#### [Task to complete]
Reproduce the following data exactly, minus any images.

#### [Supplied material]
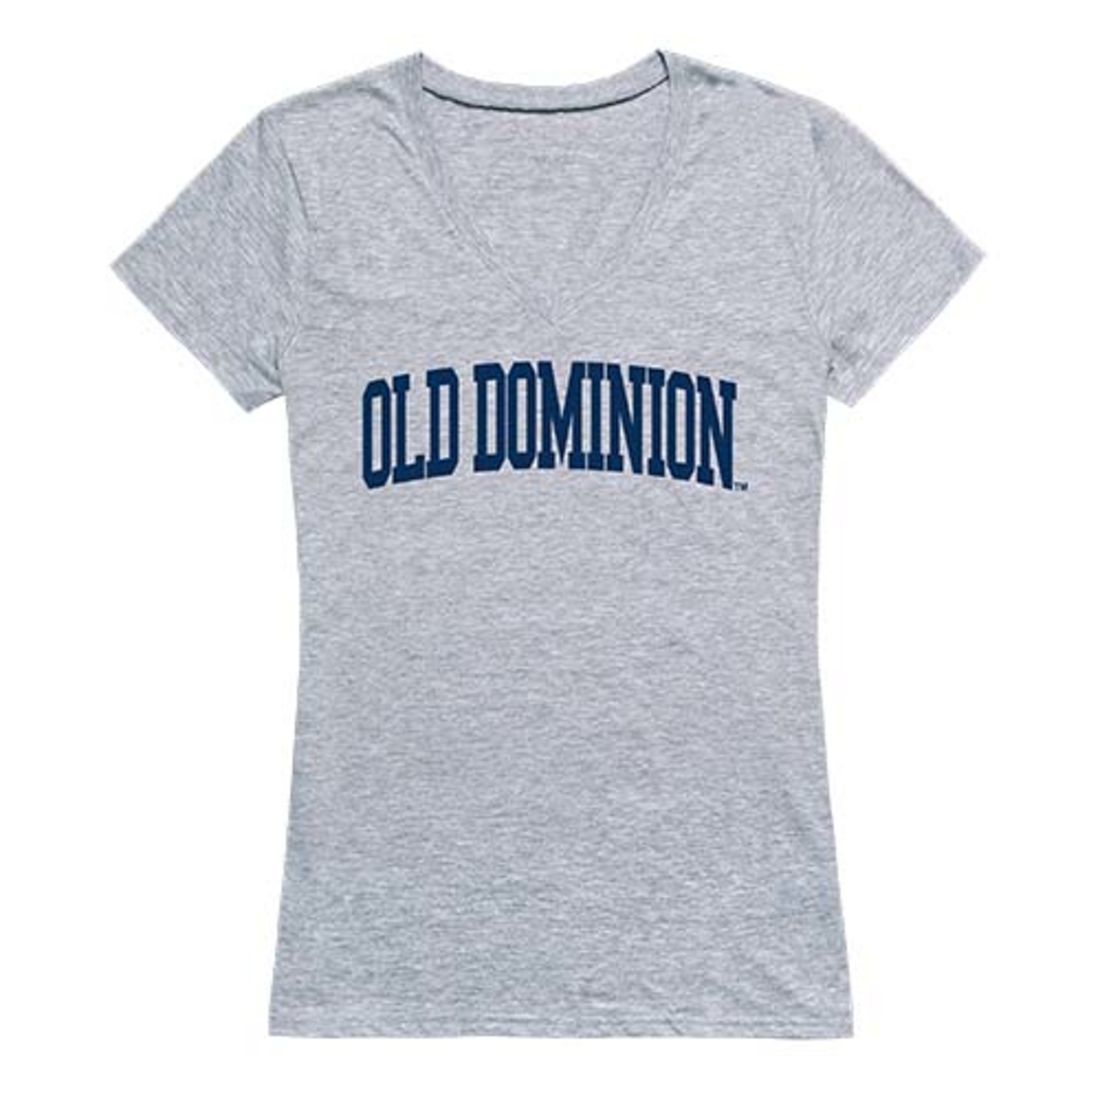 ODU Old Dominion University Game Day Women's Tee T-Shirt Heather Grey-Campus-Wardrobe
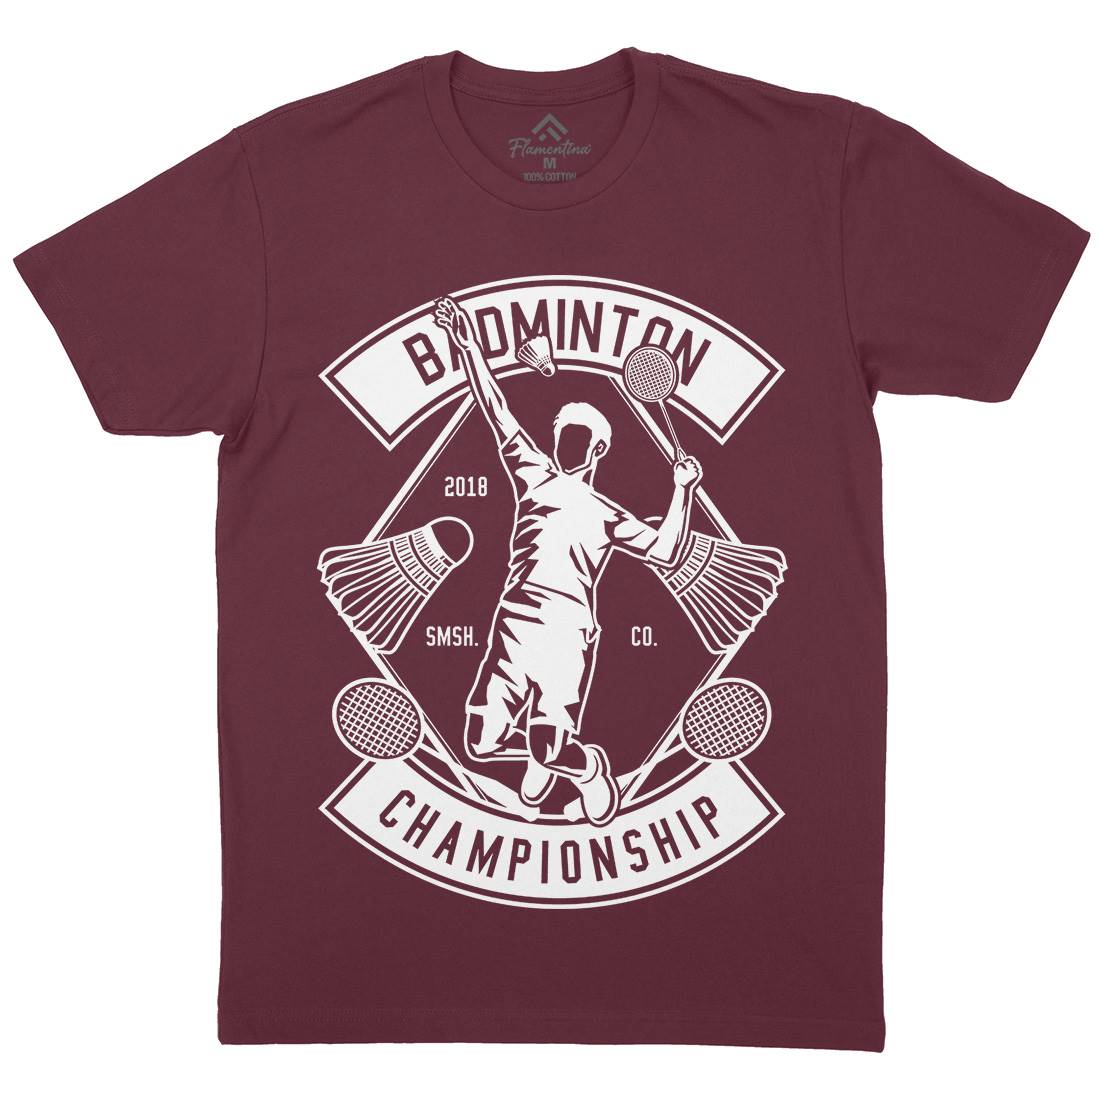 Badminton Championship Mens Organic Crew Neck T-Shirt Sport B486
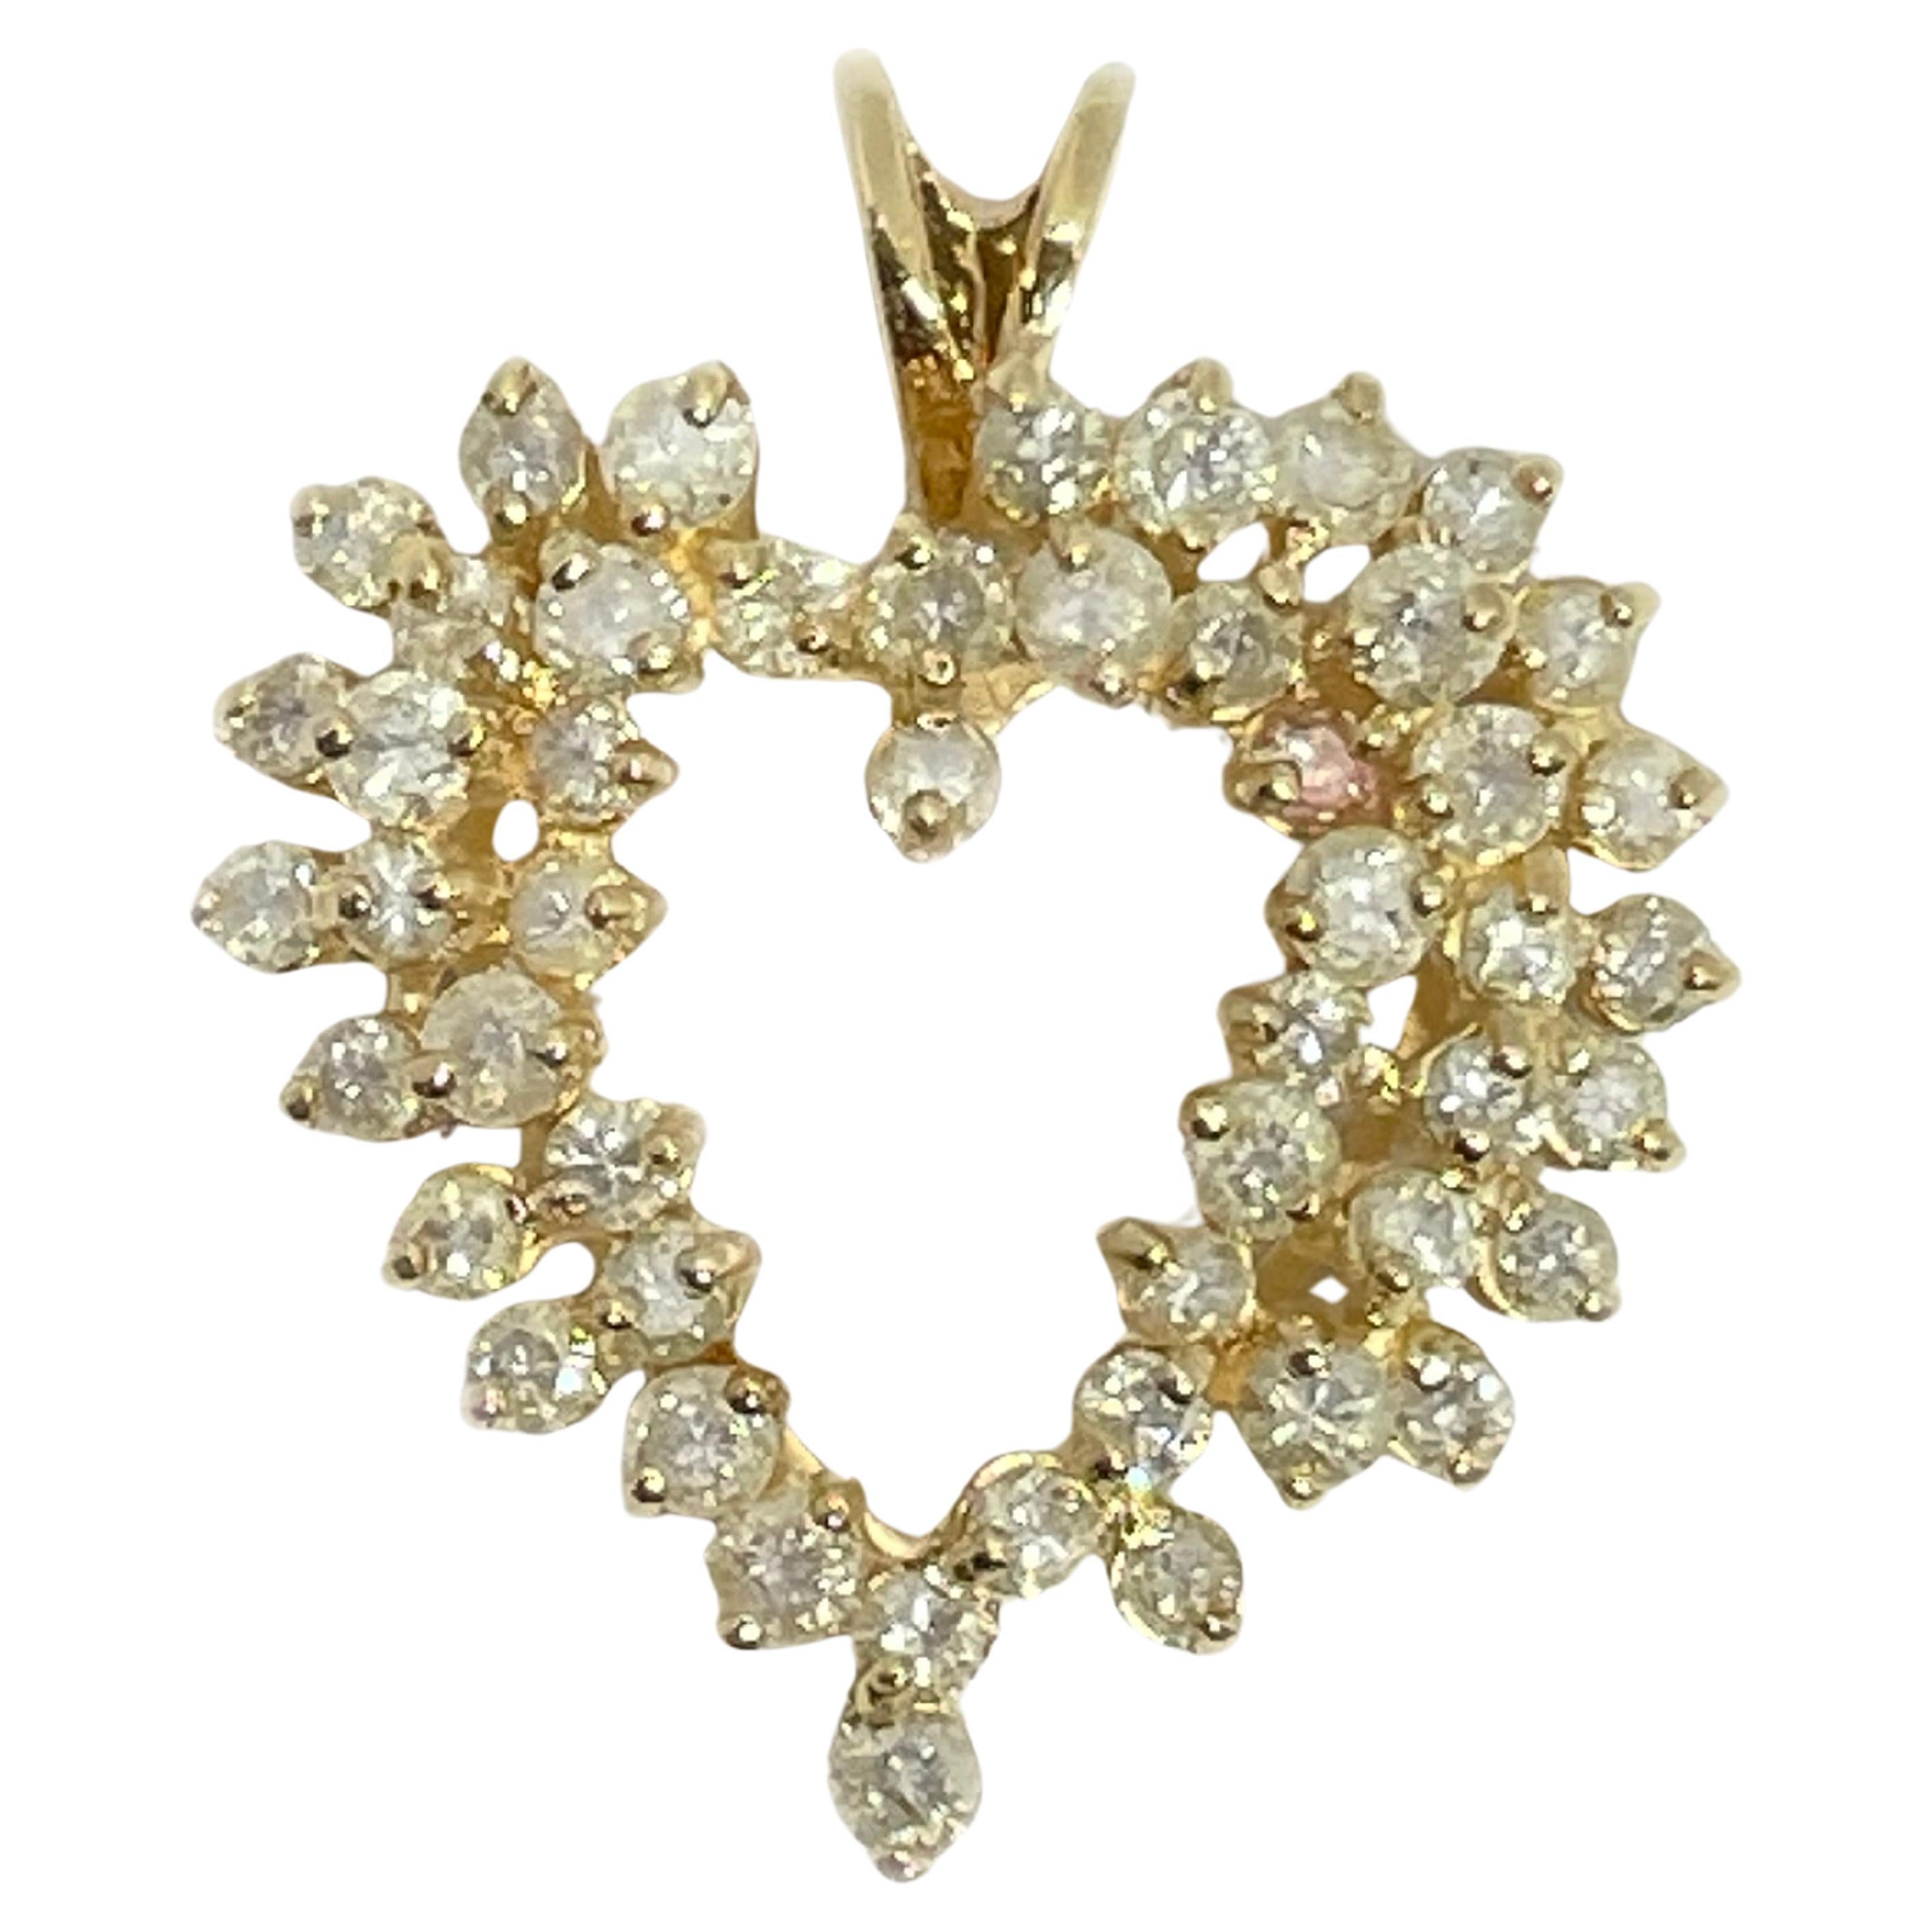 Yellow Gold Diamond Heart Pendant
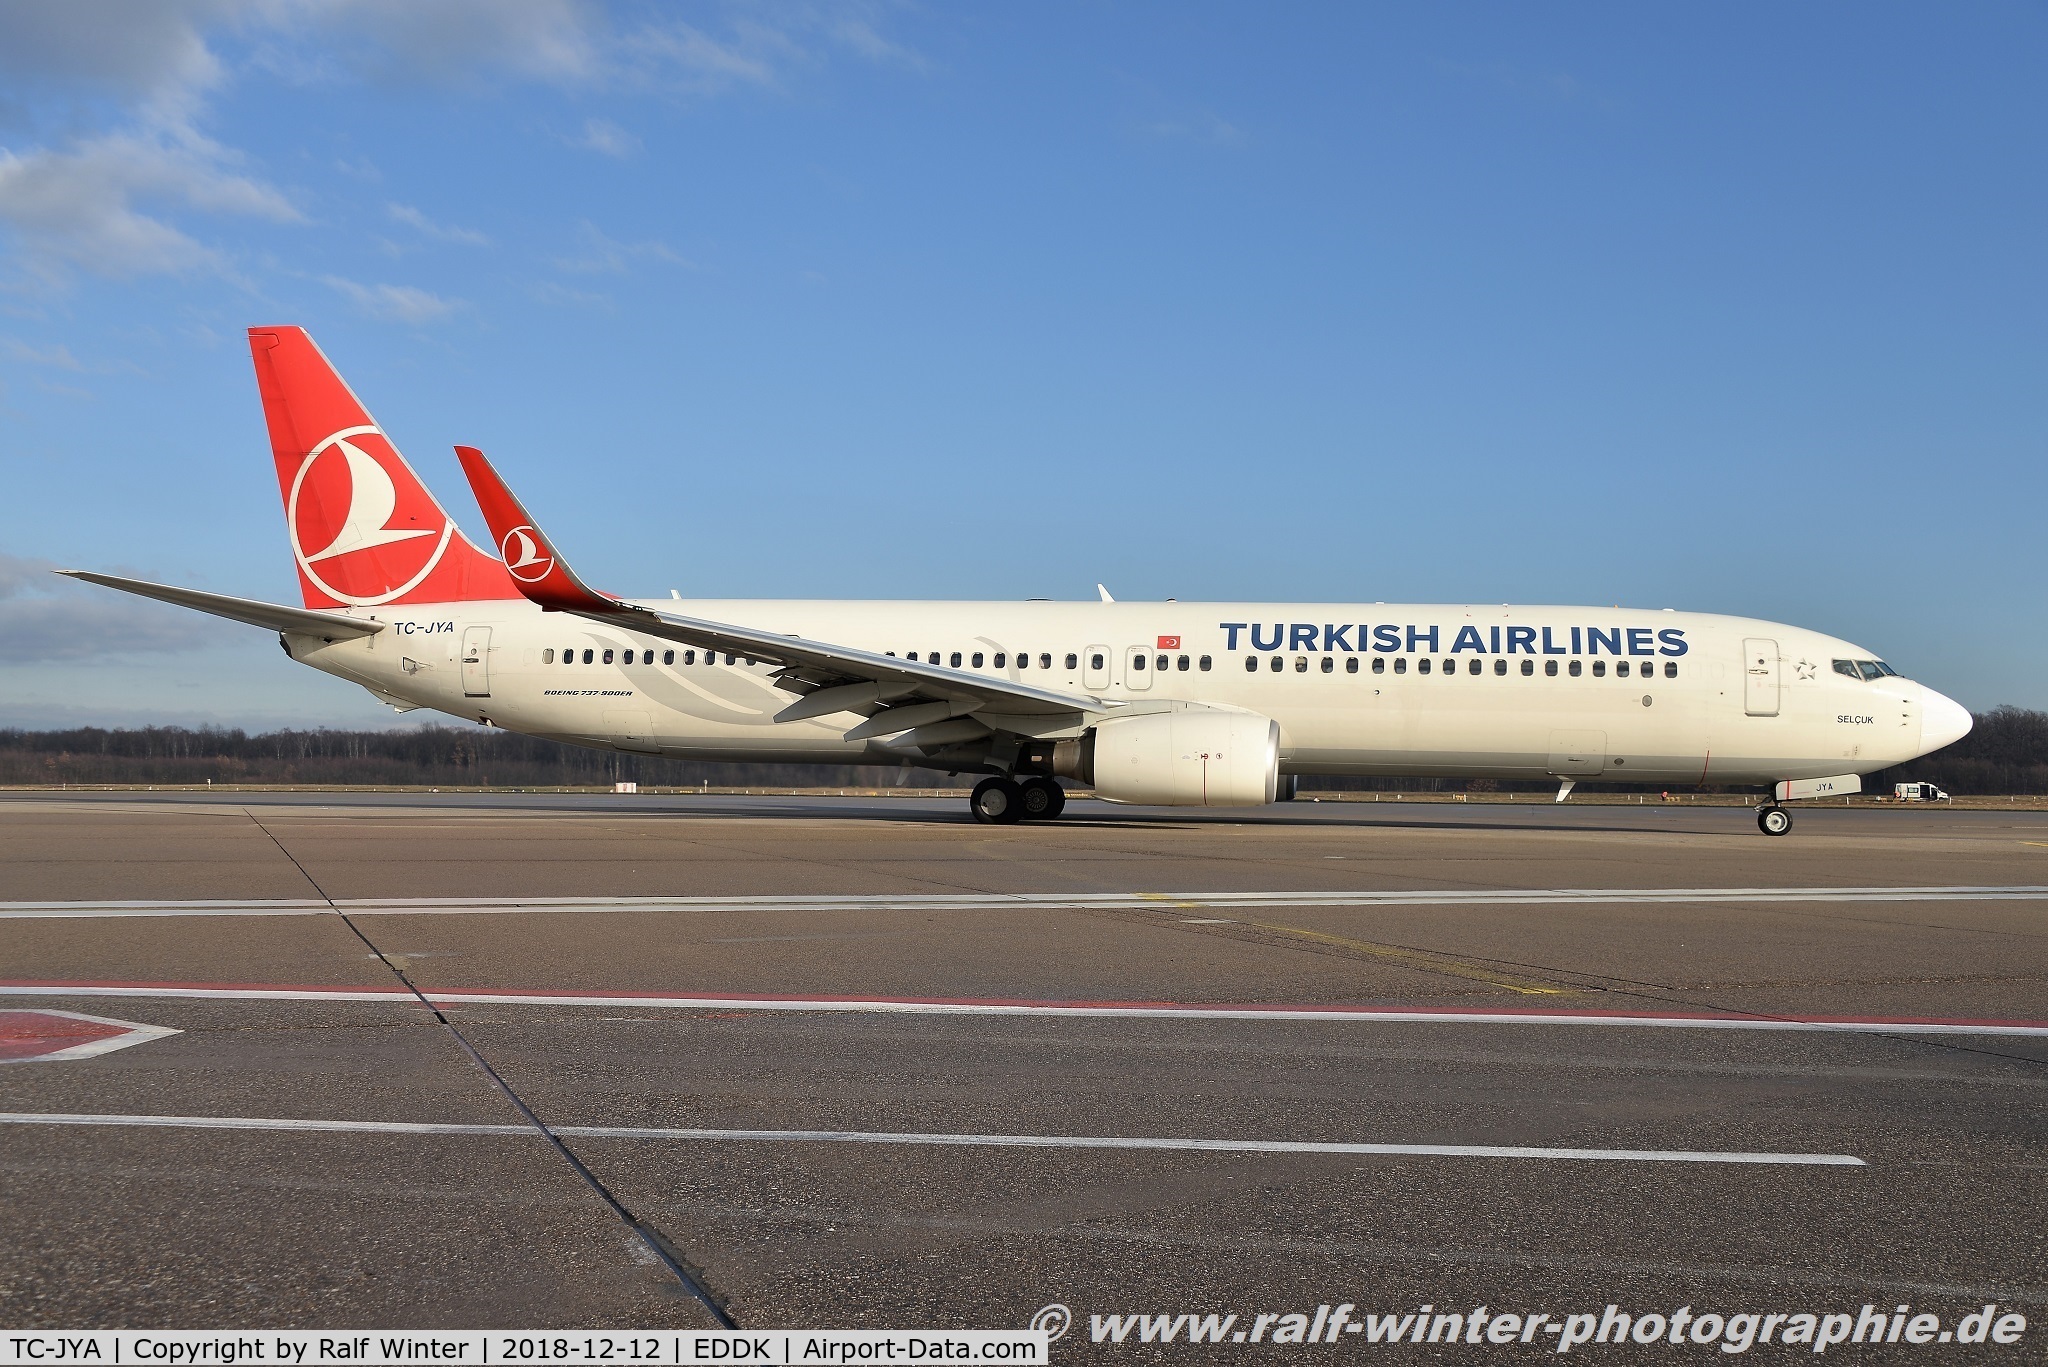 TC-JYA, 2011 Boeing 737-9F2/ER C/N 40973, Boeing 737-9F2ER(W) - TK THY Turkish Airlines 'Amasya' - 40973 - TC-JYA - 12.12.2018 - CGN

#### [Completed exercise]
 ODU Old Dominion University Game Day Women's Tee T-Shirt Heather Grey-Campus-Wardrobe
 Badminton Championship Mens Organic Crew Neck T-Shirt Sport B486
 Yellow Gold Diamond Heart Pendant
 TC-JYA, 2011 Boeing 737-9F2/ER C/N 40973, Boeing 737-9F2ER(W) - TK THY Turkish Airlines 'Amasya' - 40973 - TC-JYA - 12.12.2018 - CGN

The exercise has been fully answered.